= VIP Noche =

Spanish game show

VIP Noche was a popular 1990s game show in the Spanish Telecinco network, originally presented by the Spanish TV producer Emilio Aragón. In the show, the Spanish version of Hollywood Squares, national stars and comedians were seated in a vertical Tic-tac-toe boardgame, and they had to face questions from the anchorman, without being able to see the whole picture of the game. The first team in completing a line won the game.

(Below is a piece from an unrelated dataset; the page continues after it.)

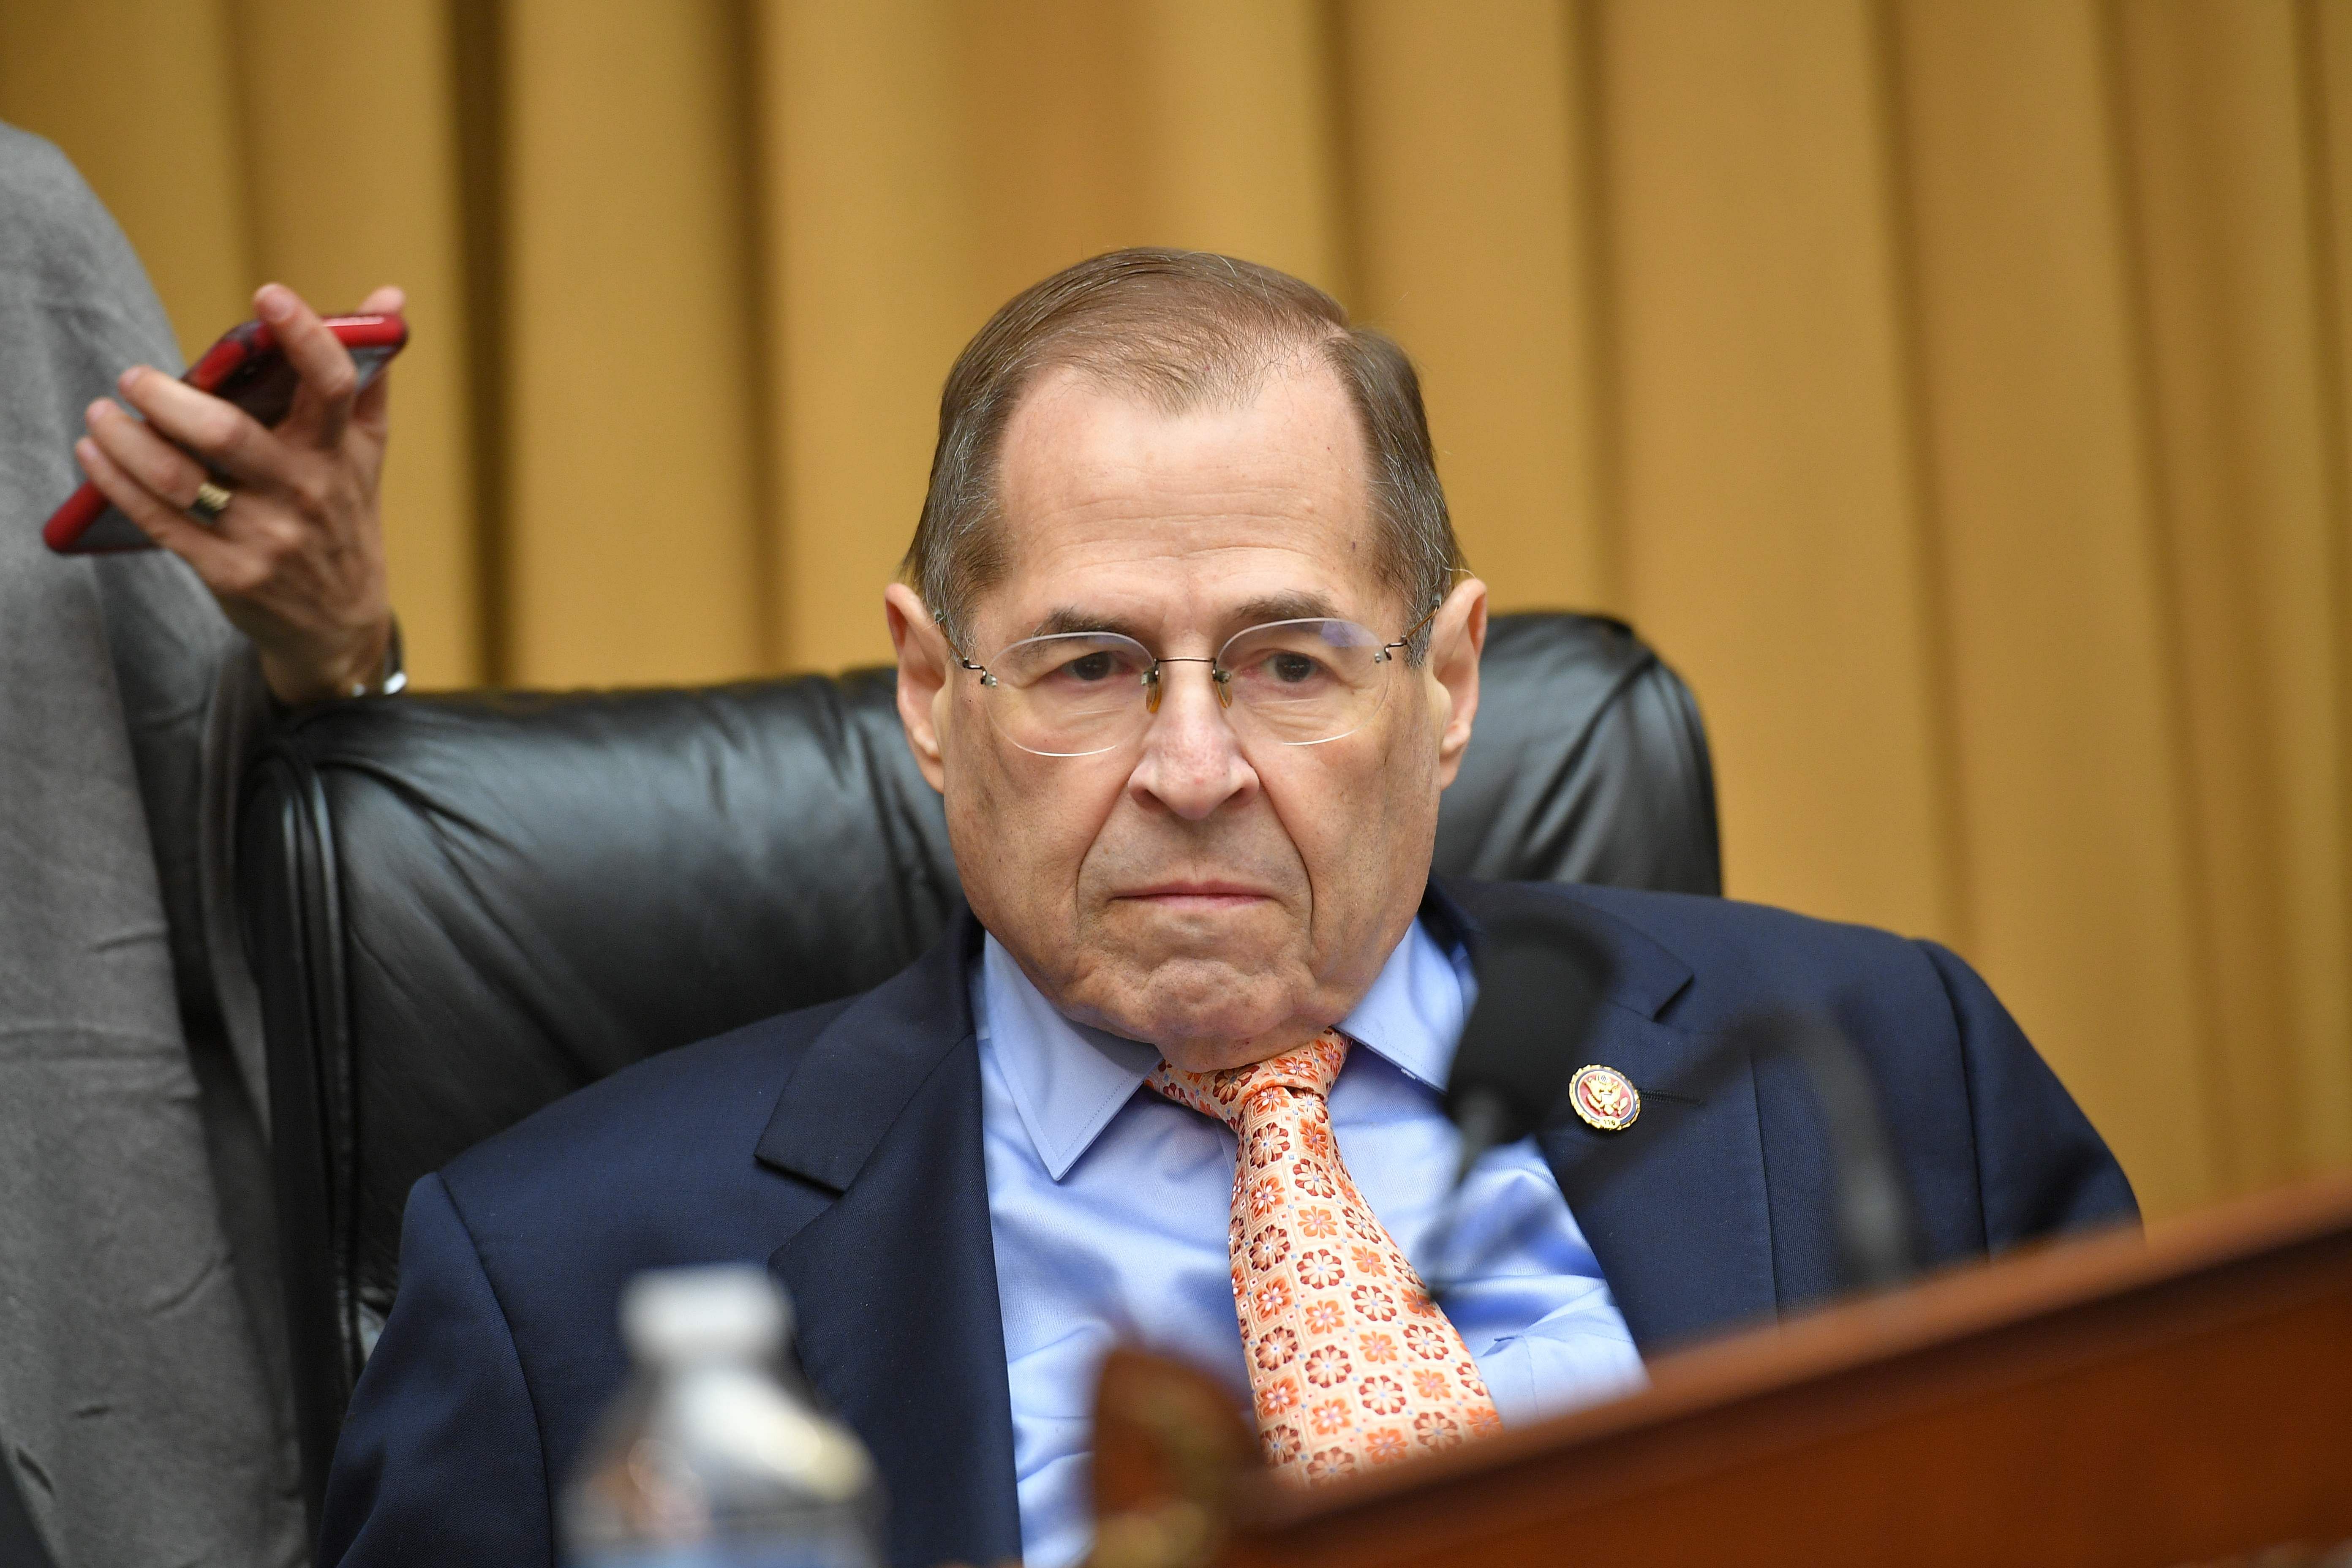 Chairman of the House Judiciary Committee, US Representative Jerry Nadler, waits during a hearing to hear testimony from former White House lawyer Don McGhan on the Mueller report, on Capitol Hill in Washington. (AFP Photo)

In 1991, Thalía arrived in Spain and was signed as anchor and singer in VIP Noche, the variety show that was the emblem and most viewed of the original Telecinco. There she had Emilio Aragón as his partner, and they dominated the evenings’ ratings. The presence of Thalia in VIP is well remembered, and during the six months in which she was at the forefront of the space she was a magnet to attract the audience. During her participation, she sang songs from her repertoire, and starred in numerous musical versions of well-known songs, ranging from “New York, New York”, Karina's “Las flechas del amor” and Los Brincos’ “Un sorbito de champagne” to Grease, Marilyn Monroe and 'Pretty Woman' from Roy Orbison.

The program also featured a dancing group called "Las Cacao Maravillao", a group of young women wearing colorful and revealing clothes with a catchy song supposedly promoting a fictional chocolate product.

Due to the success in its native country, Telecinco remade a version for kids (VIP Guay).